* [Work item]:
The lines you should transcribe are those from the one containing "Empfehlungen 101 a)" to the end of the listing below, exactly, with pictures left out.

++++ Exercise data ++++

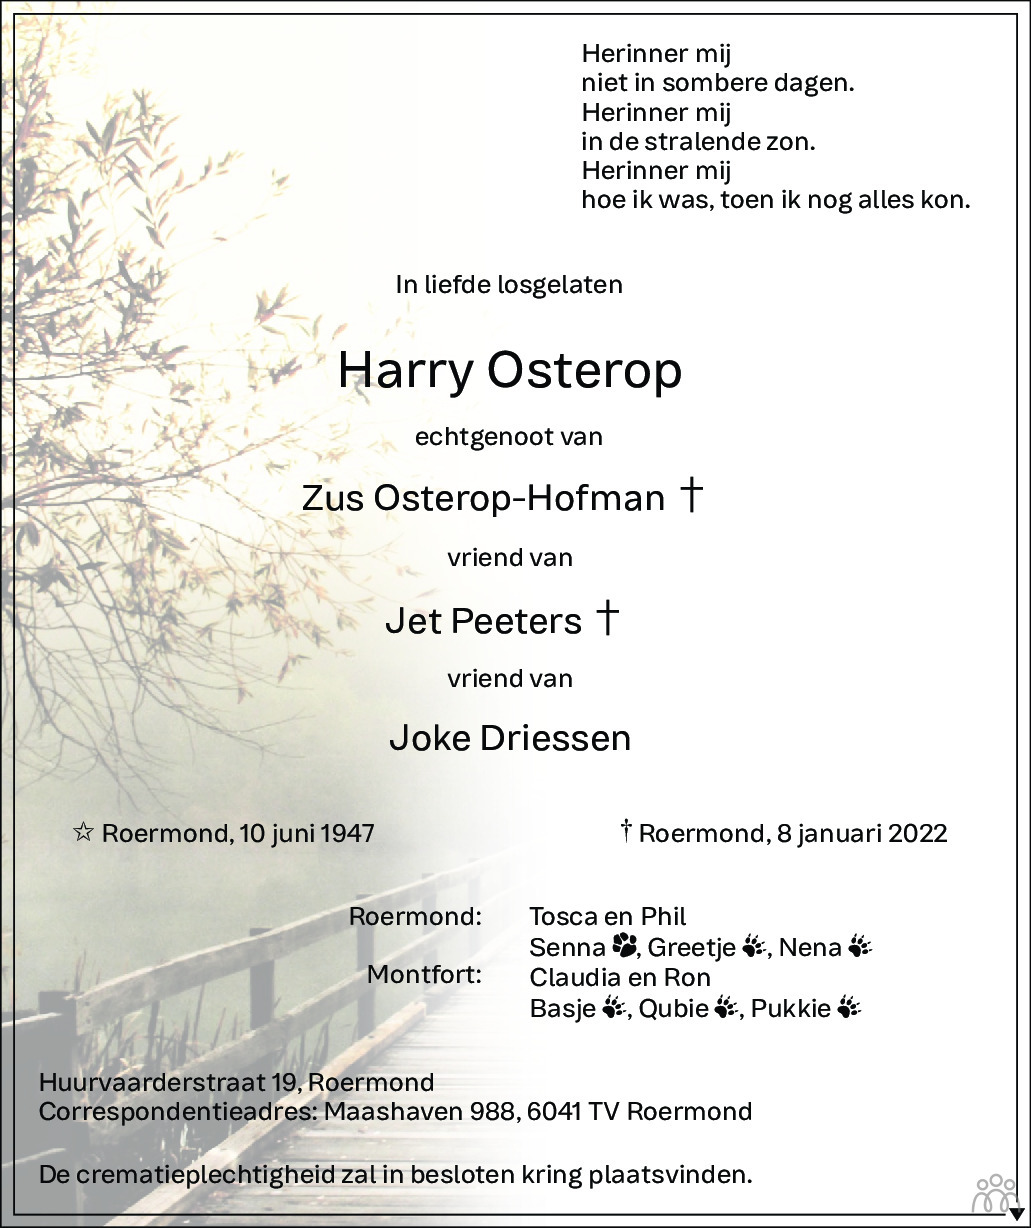 Overlijdensbericht van Harry Osterop in De Limburger
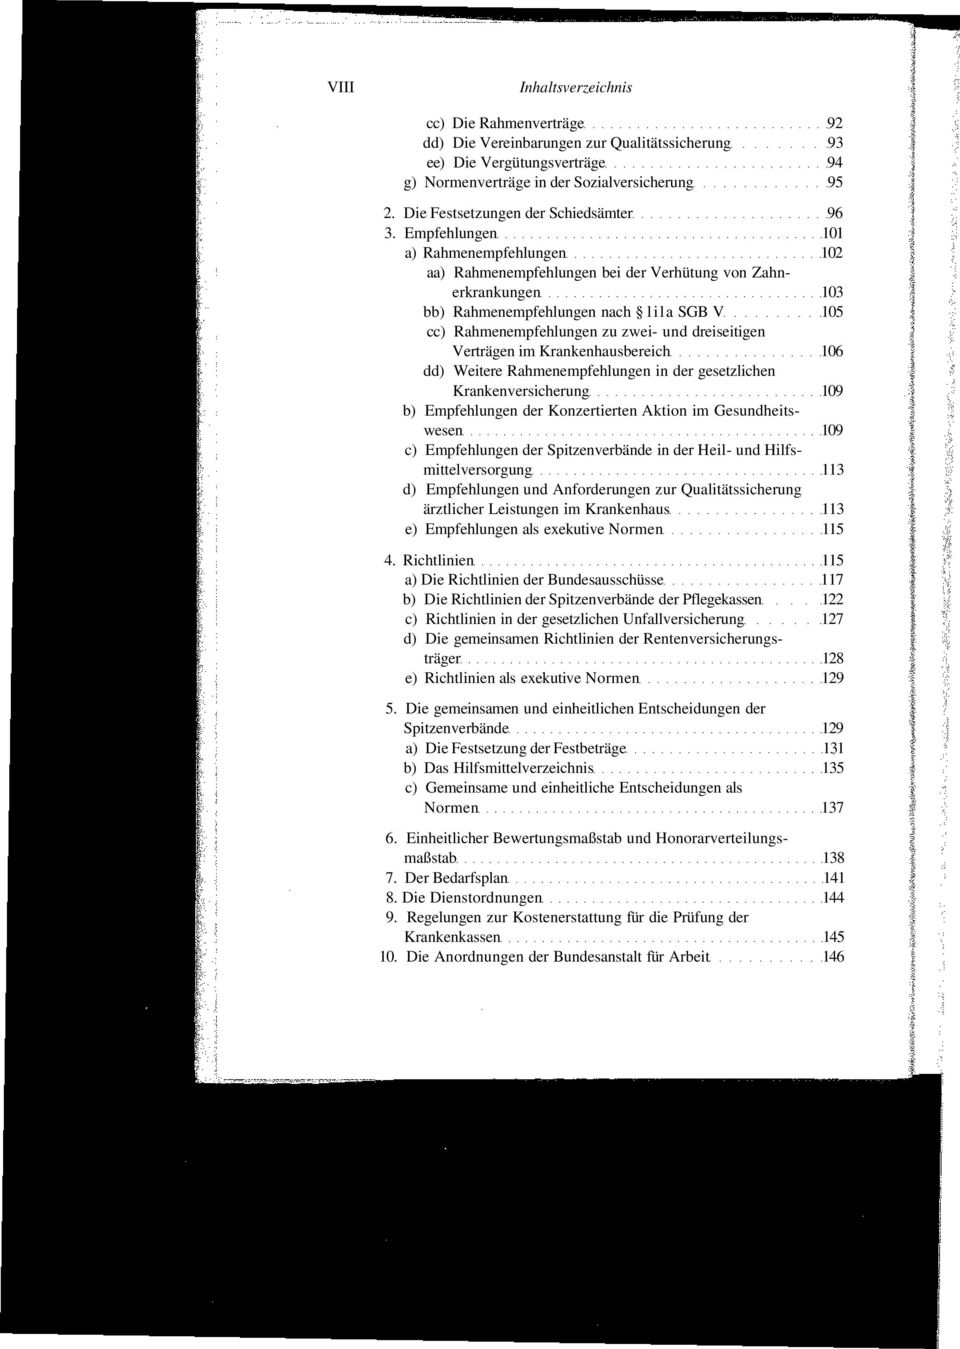 Empfehlungen 101 a) Rahmenempfehlungen 102 aa) Rahmenempfehlungen bei der Verhütung von Zahnerkrankungen 103 bb) Rahmenempfehlungen nach lila SGB V 105 cc) Rahmenempfehlungen zu zwei- und
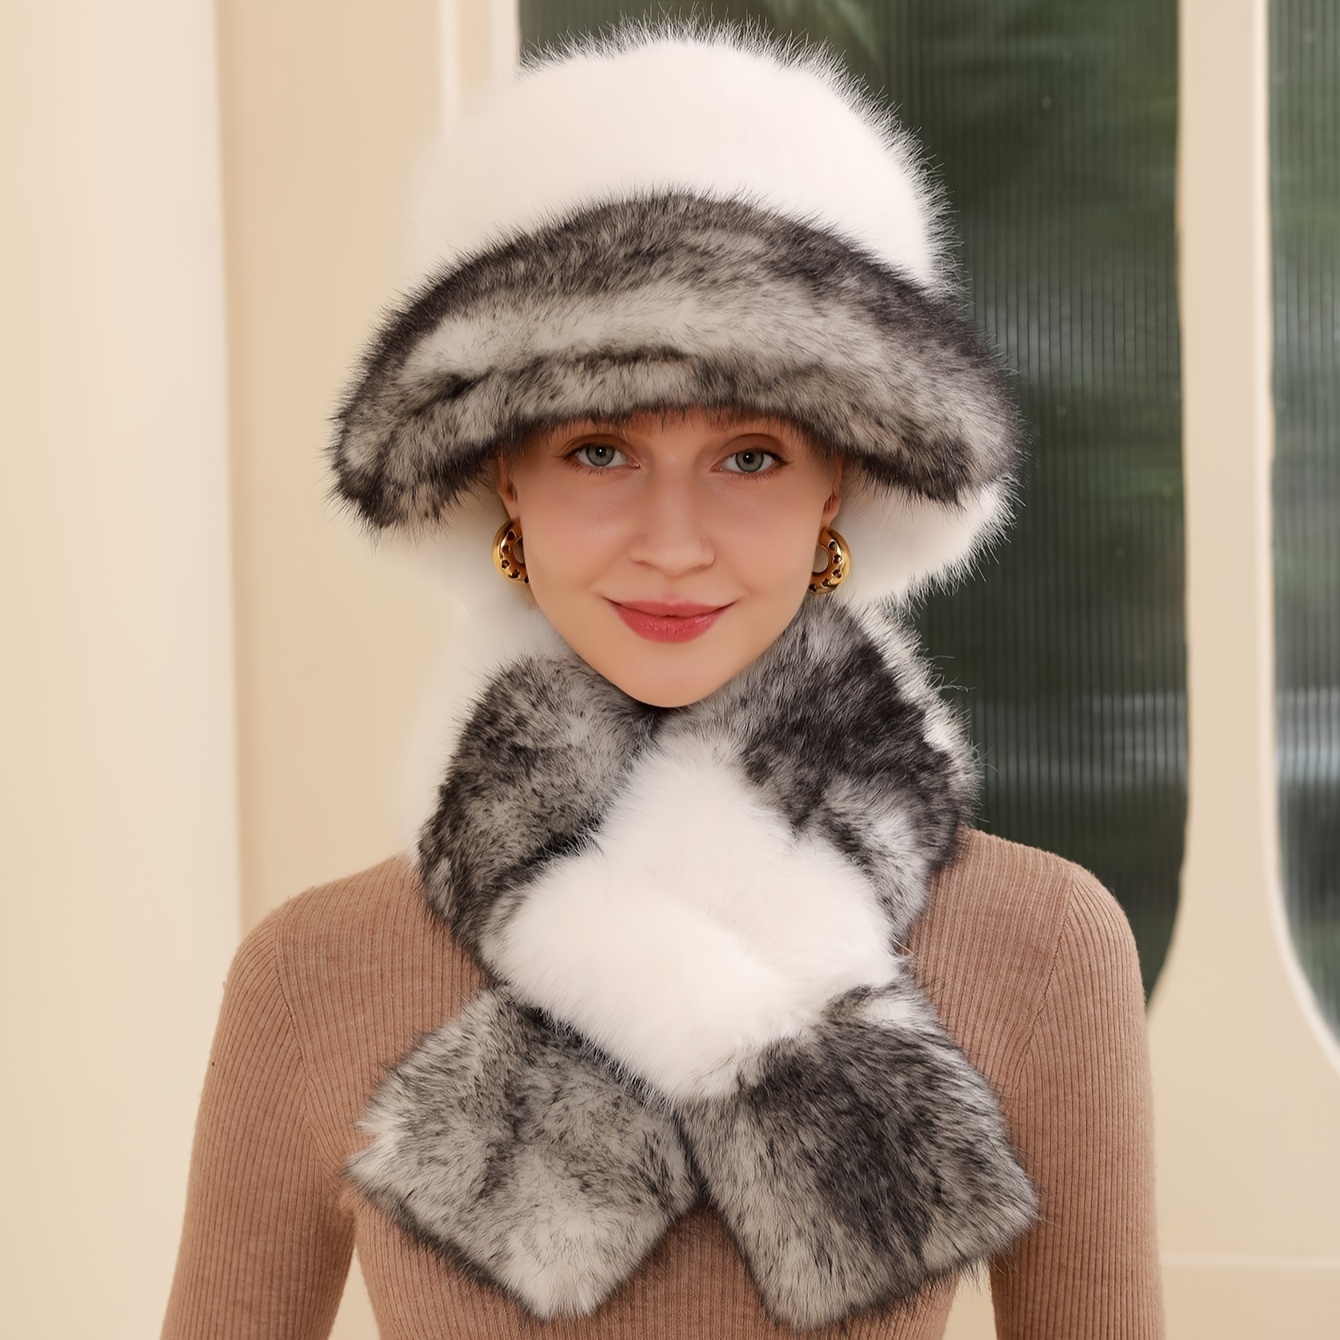 Acheter Chapeau écharpe costume hiver résistant au froid chaud

++++

* [Answer to this task]:
 Empfehlungen 101 a) Rahmenempfehlungen 102 aa) Rahmenempfehlungen bei der Verhütung von Zahnerkrankungen 103 bb) Rahmenempfehlungen nach lila SGB V 105 cc) Rahmenempfehlungen zu zwei- und
 Acheter Chapeau écharpe costume hiver résistant au froid chaud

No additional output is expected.